In early 2001, Musk became involved with the nonprofit Mars Society and discussed funding plans to place a growth-chamber for plants on Mars. In October that year, he traveled to Moscow, Russia with Jim Cantrell, Adeo Ressi, and future Administrator of NASA, Michael D. Griffin to buy refurbished intercontinental ballistic missiles (ICBMs) that could send the greenhouse payloads into space. He met with the companies Lavochkin and ISC Kosmotras; however, Musk was seen as a novice and the group returned to the United States without an agreement to purchase Russian launch services. In February 2002, the group returned to Russia to look for three ICBMs. They had another meeting with ISC Kosmotras and were offered one rocket for $8 million, which Musk rejected. He instead decided to start a company that could build affordable rockets. With $100 million of his own money, Musk founded SpaceX in May 2002 and became the company's CEO and chief engineer.
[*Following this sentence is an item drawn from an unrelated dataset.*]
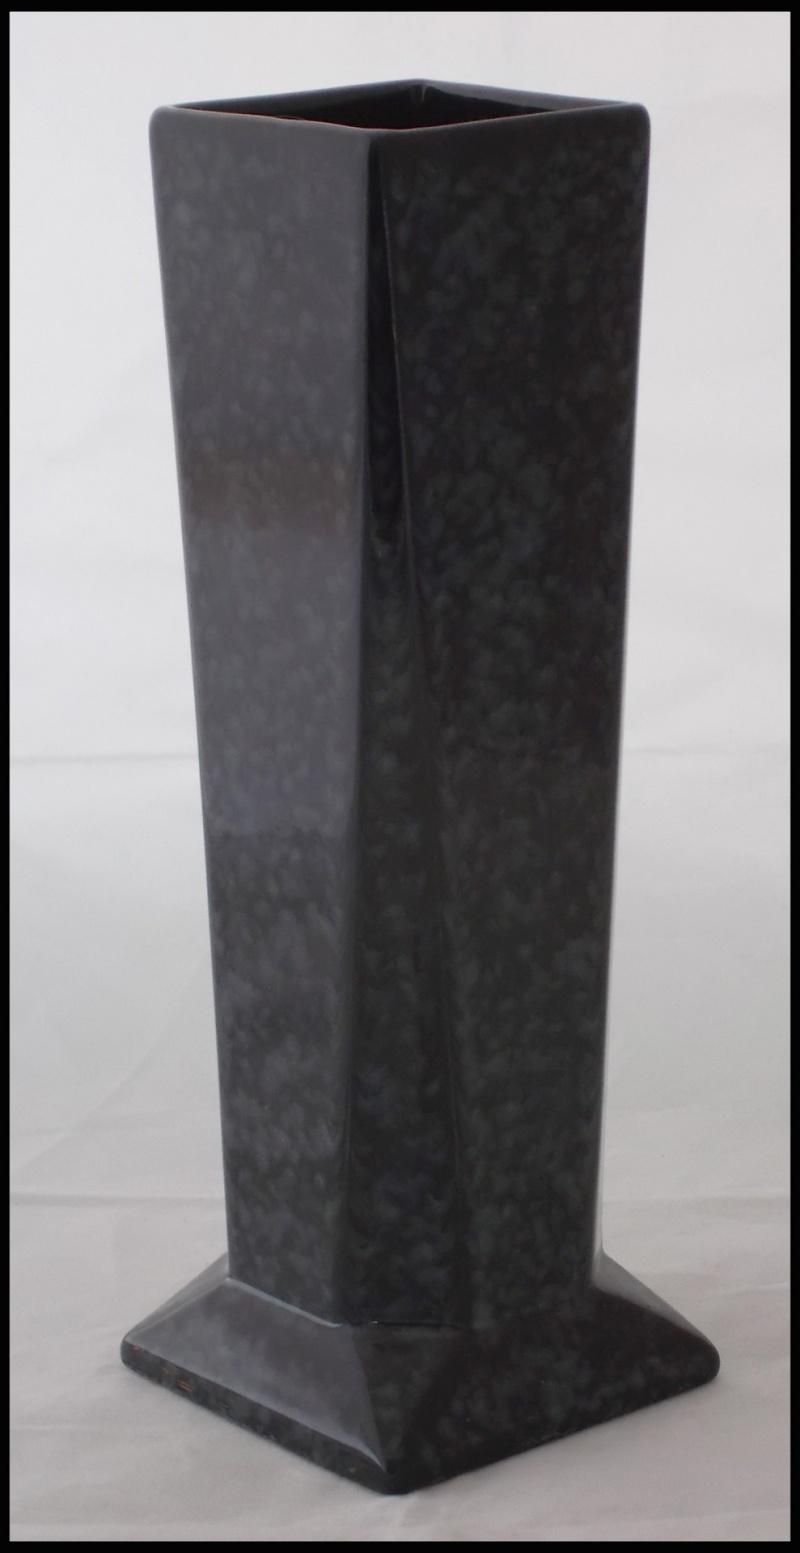 Clayworks black marble glaze vase Dscn8021
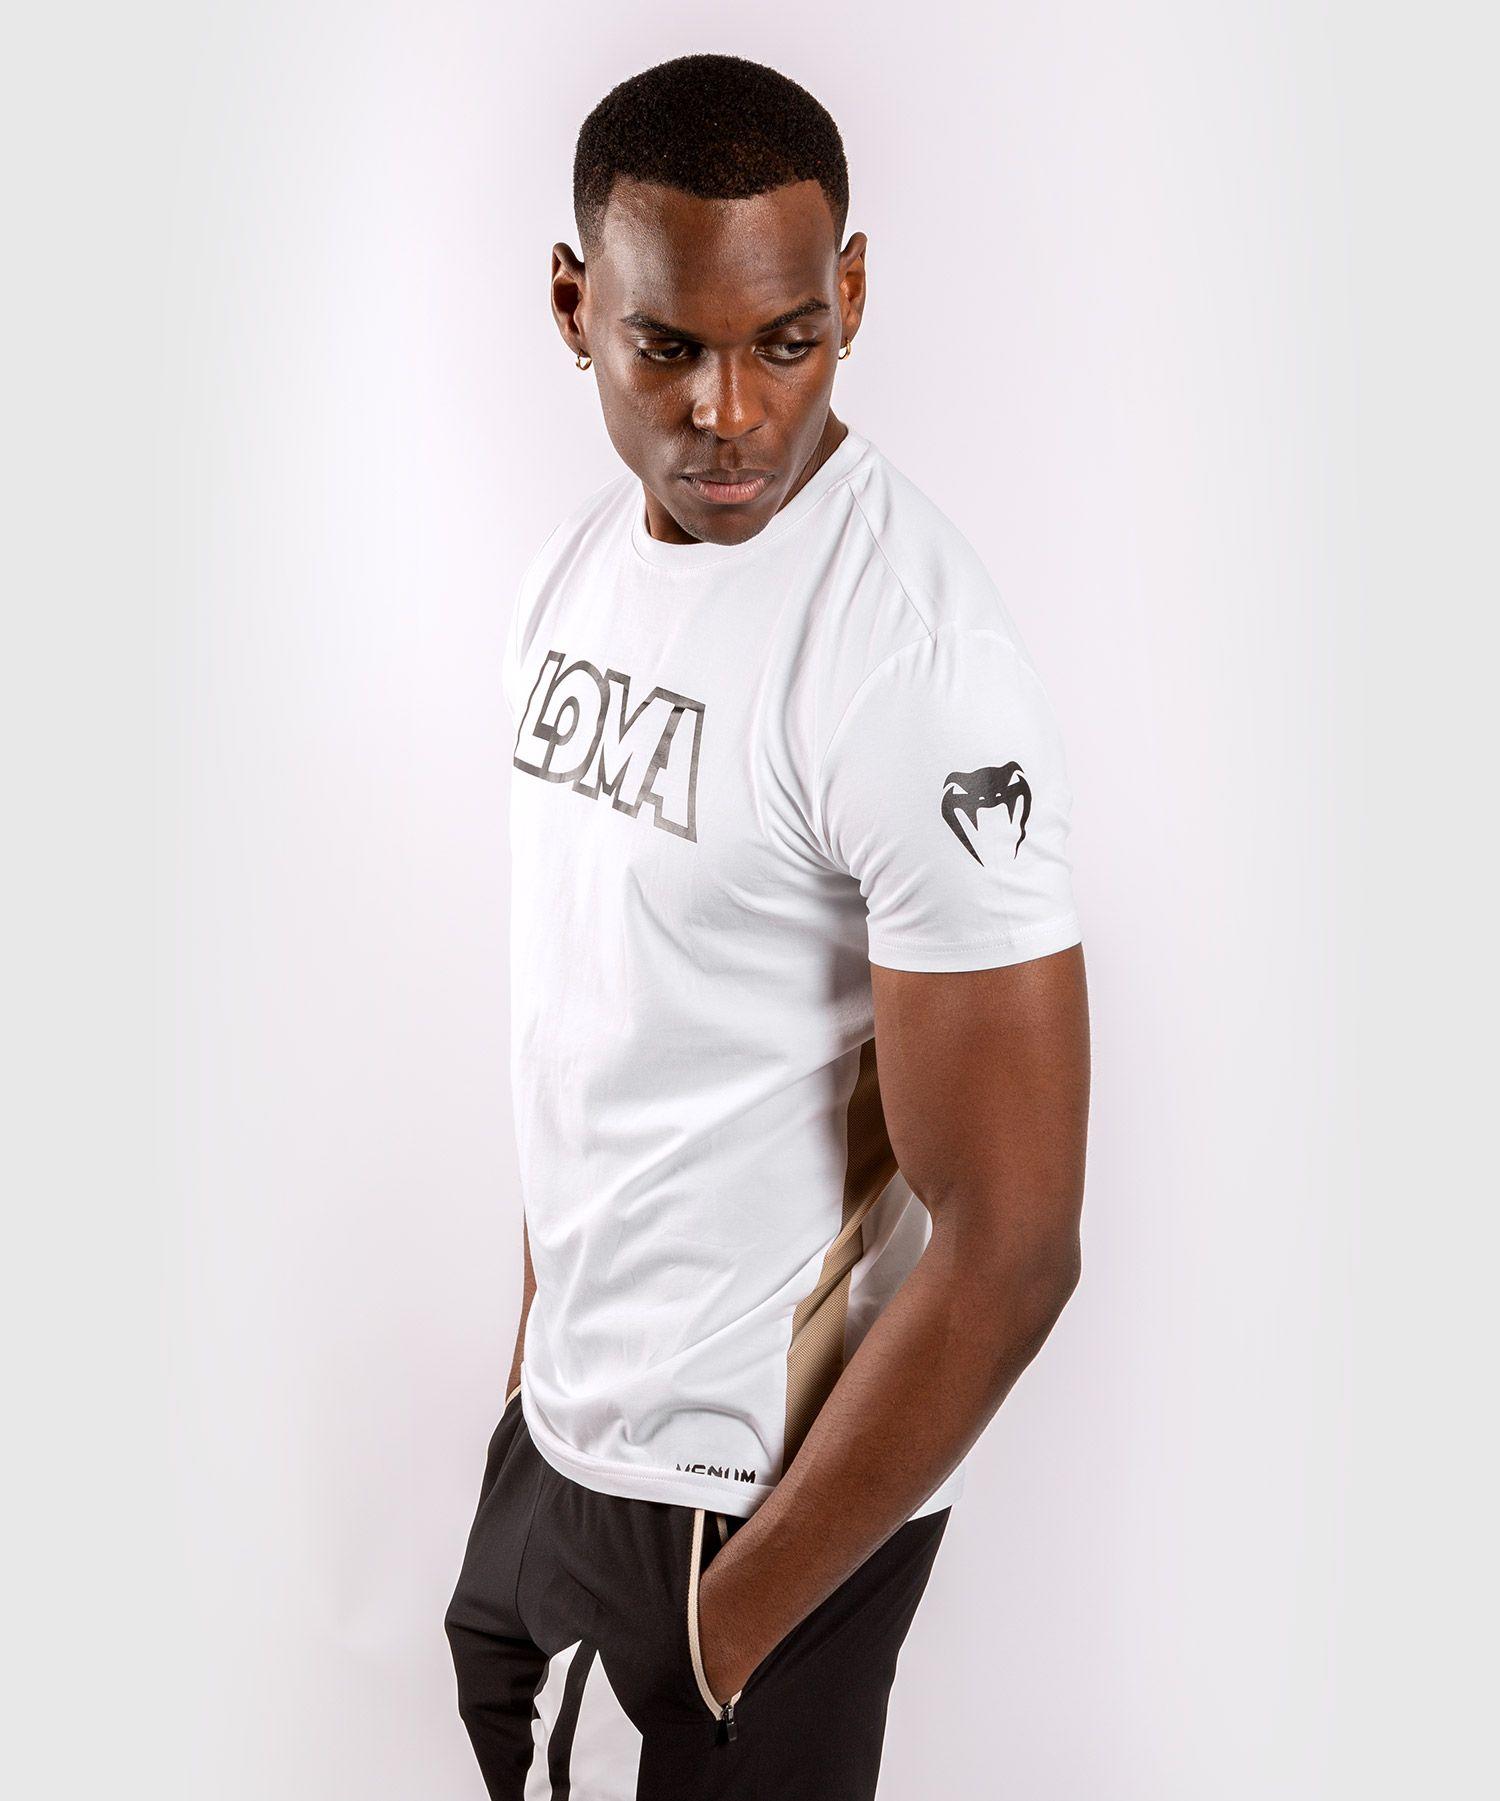 Футболка Venum Origins T-shirt Loma Edition White Размер: M

SpaceX attempted its first launch of the Falcon 1 rocket in 2006. Although the rocket failed to reach Earth orbit, it was awarded a Commercial Orbital Transportation Services program contract from NASA, now led by Griffin as Administrator. After two more failed attempts that nearly caused Musk and his companies to go bankrupt, SpaceX succeeded in launching the Falcon 1 into orbit in 2008. Later that year, SpaceX received a $1.6 billion Commercial Resupply Services contract from NASA for 12 flights of its Falcon 9 rocket and Dragon spacecraft to the International Space Station (ISS), replacing the Space Shuttle after its 2011 retirement. In 2012, the Dragon vehicle docked with the ISS, a first for a commercial spacecraft.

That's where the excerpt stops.